*** STUDY MATERIAL
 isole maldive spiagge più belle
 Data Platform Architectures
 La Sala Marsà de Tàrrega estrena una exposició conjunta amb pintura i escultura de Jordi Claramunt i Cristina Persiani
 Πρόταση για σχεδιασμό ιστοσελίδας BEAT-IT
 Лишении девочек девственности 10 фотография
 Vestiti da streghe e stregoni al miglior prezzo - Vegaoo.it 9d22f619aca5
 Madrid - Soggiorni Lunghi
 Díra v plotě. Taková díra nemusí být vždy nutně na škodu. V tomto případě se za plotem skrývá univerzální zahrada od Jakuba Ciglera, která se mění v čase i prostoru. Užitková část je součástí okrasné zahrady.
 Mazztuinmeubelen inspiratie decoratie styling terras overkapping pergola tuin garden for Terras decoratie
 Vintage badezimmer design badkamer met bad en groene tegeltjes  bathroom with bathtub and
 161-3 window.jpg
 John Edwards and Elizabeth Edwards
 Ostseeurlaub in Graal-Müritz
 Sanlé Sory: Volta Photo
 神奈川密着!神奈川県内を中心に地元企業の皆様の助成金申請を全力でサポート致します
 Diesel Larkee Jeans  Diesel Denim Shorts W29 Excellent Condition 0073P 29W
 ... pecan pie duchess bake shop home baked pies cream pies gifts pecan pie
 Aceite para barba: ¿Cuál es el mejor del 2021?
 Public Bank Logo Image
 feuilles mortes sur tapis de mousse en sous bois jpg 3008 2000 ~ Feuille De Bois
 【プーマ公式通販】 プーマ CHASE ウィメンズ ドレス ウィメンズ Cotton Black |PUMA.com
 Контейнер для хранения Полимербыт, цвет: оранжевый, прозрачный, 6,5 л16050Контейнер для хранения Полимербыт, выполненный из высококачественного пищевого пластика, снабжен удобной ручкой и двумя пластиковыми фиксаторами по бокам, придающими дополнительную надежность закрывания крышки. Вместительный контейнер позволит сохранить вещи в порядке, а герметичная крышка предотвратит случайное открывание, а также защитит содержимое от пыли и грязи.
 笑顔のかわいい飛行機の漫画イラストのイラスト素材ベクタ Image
******
_PROBLEM DETAILS_
Scan the lines above for the word "Image". Return each one that has it.

_YOUR SOLUTION_
 Public Bank Logo Image
 笑顔のかわいい飛行機の漫画イラストのイラスト素材ベクタ Image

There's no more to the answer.